= Andrew Donnally Sr =

Andrew Donnally Sr (1738–1796) was a Colonel and Sheriff in the Greenbrier County Militia during the French and Indian War through the American Revolution. In 1771, Donnally erected Fort Donnally in Greenbrier County, where he was also appointed as high sheriff.

Donnally owned many slaves, including Dick Pointer, who was regarded to be a fierce warrior in the defense of Fort Donnally in 1778. Dick's son however, fled and became an Indian chief who sided with the Americans in the war of 1812.

On January 29, 1781, Colonel Donnally sends a letter co-signed by Colonel Andrew Hamilton, and Samuel Brown in response to Colonel Clark's request to draft 137 men for Clark's “Expedition against the Indians in Consequence”. Donnally explains to Jefferson the dire needs and dangers in the region by furnishing more men when the violence against Indian attacks are increasing. This expedition event would later be known as Lochry's Defeat.

On April 14, 1781, received a letter from Thomas Jefferson expressing his sorrow for Indian hostilities in the region and that Jefferson informed General Clark that he will appoint a Deputy to the region to assist.

In 1782, Donnally was named as one of the trustees for the newly established town of Lewisburg, alongside Samuel Lewis (son of General Andrew Lewis), and James Reed.

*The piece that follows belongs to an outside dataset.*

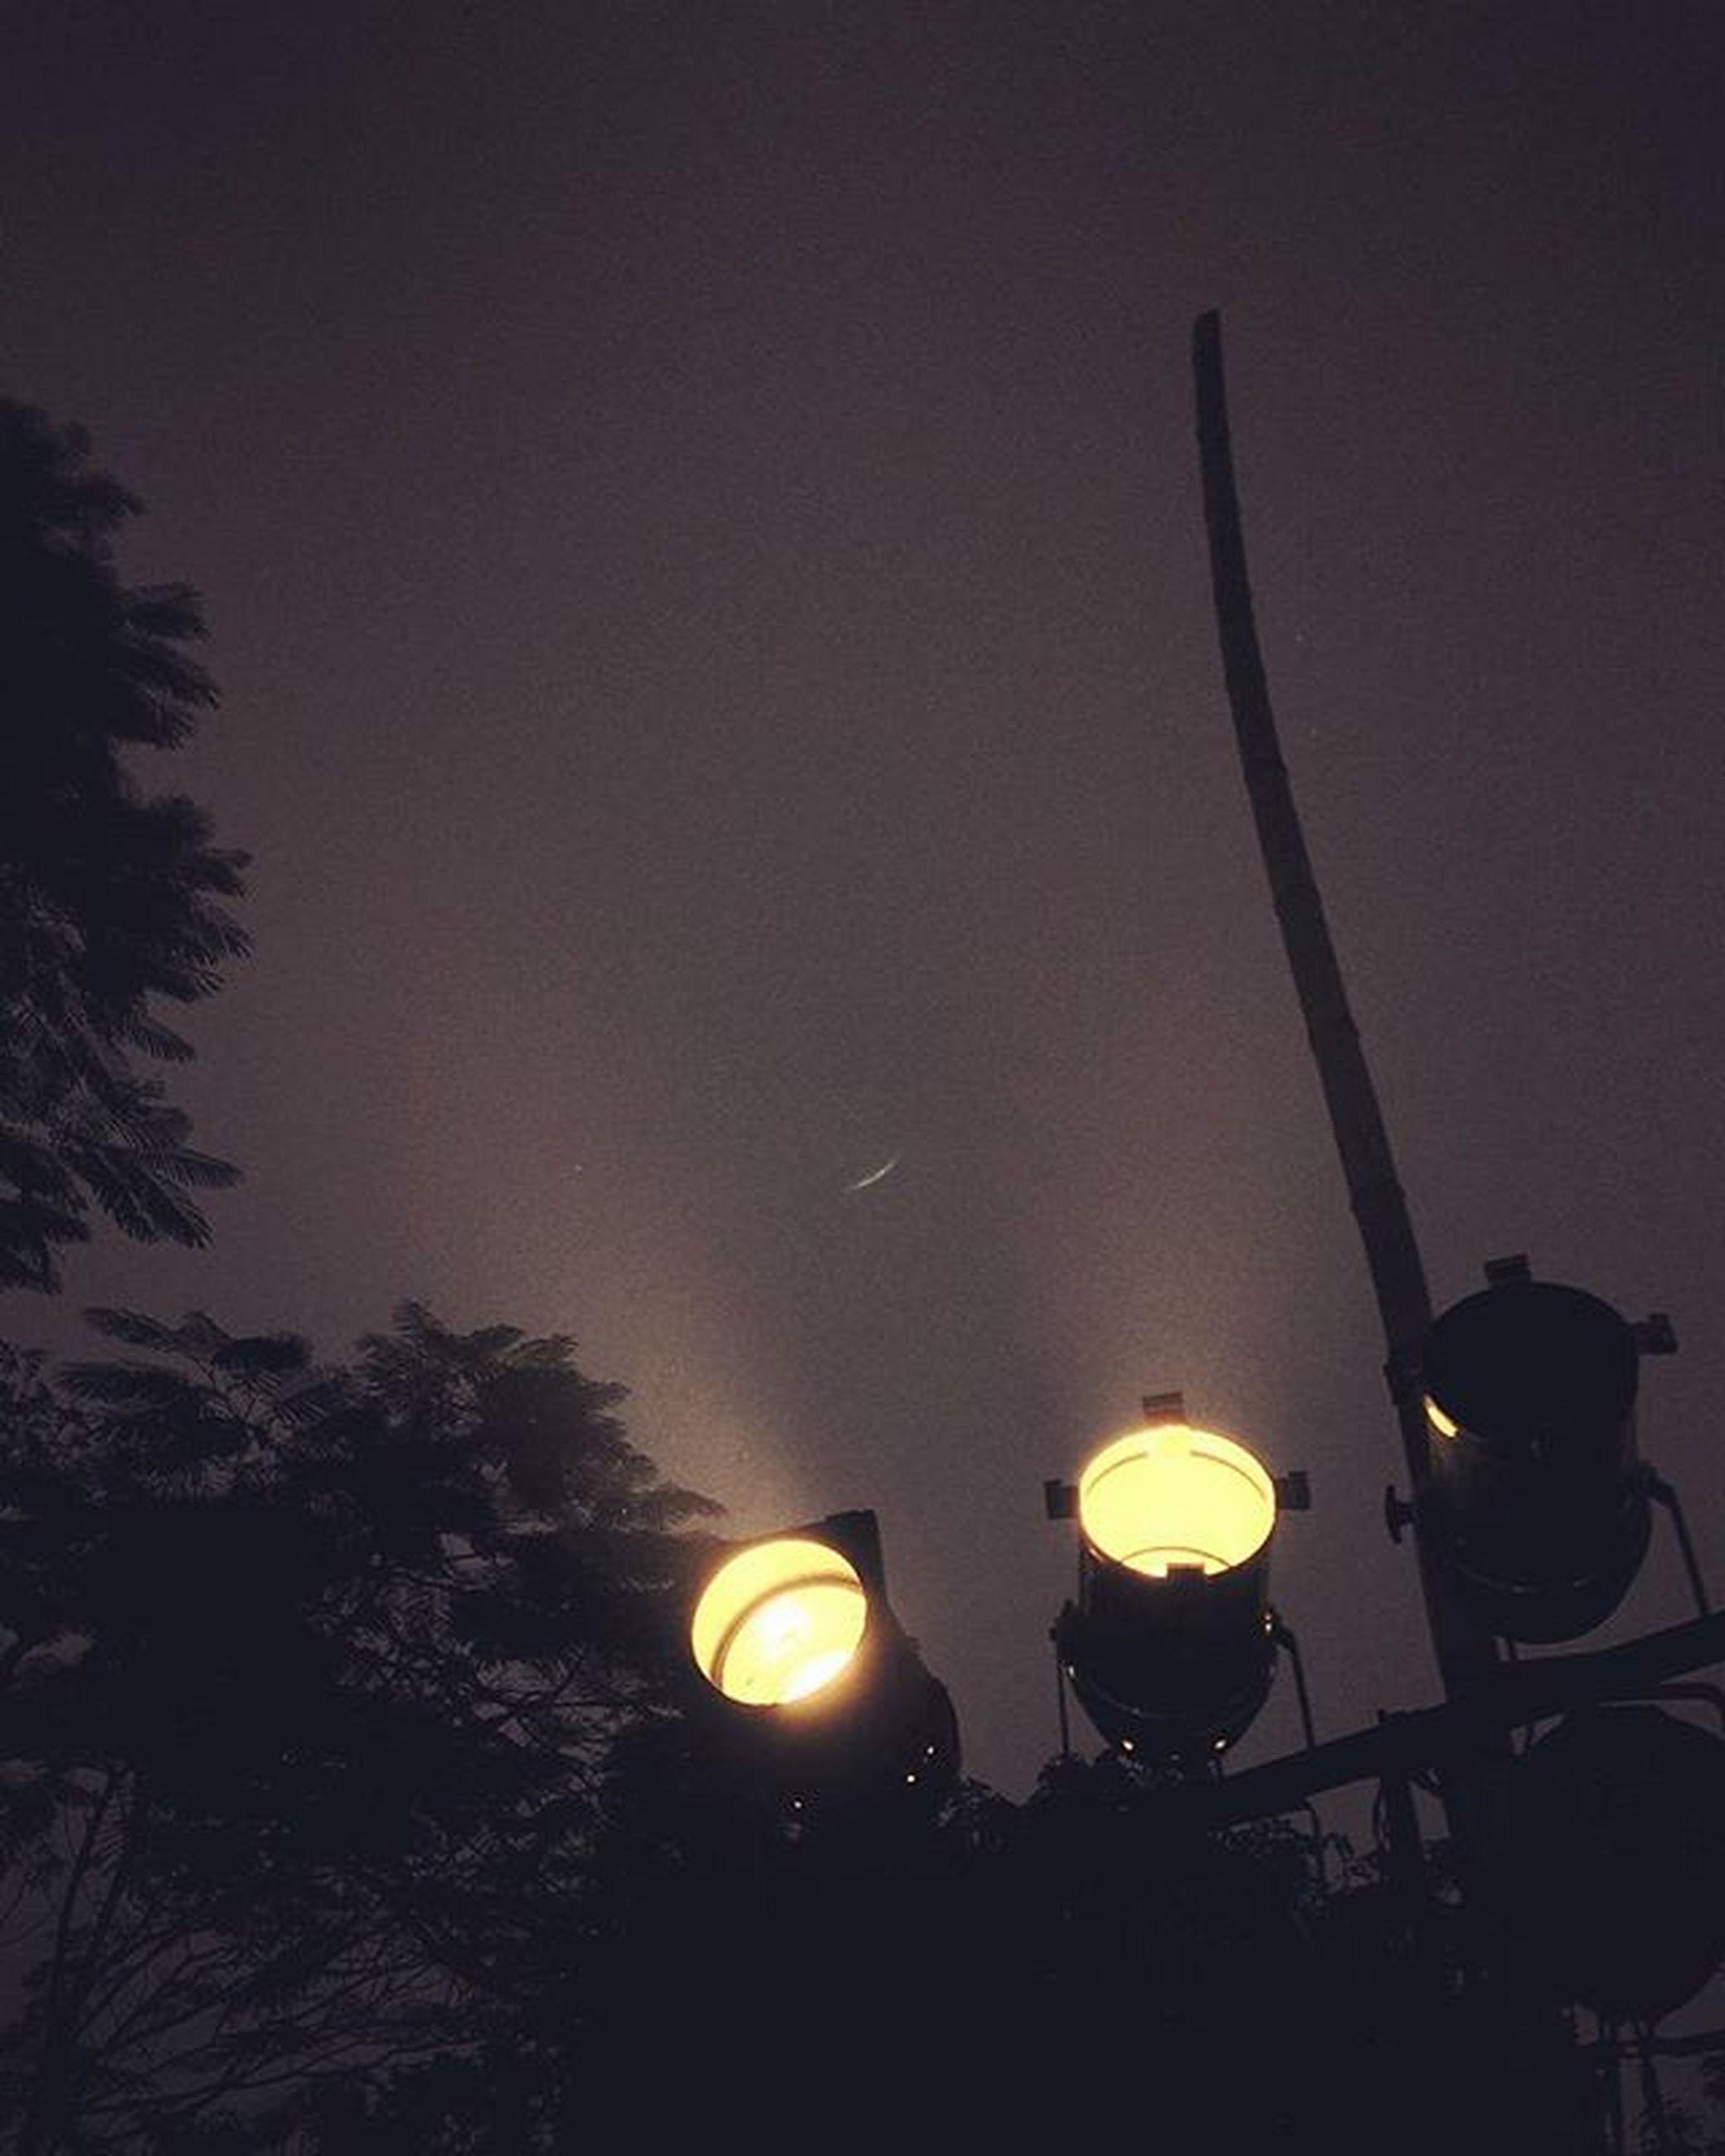 illuminated, lighting equipment, night, tree, glowing, street light, decoration, hanging, low angle view, silhouette, lantern, lit, light - natural phenomenon, electric lamp, flame, dusk, electricity, burning, electric light, dark

In 1789, Donnally was made a trustee of the town of Charleston in the newly established Kanawha County along with Leonard Morris, William Morris, George Alderson, Abraham Baker, John Young and William Clendenin.

Donnally, had a son, Andrew Donnally Jr, who married Marjory Van Bibber, the daughter of Captain John Van Bibber. Donnally's daughter married Jesse Boone, the son of Daniel Boone.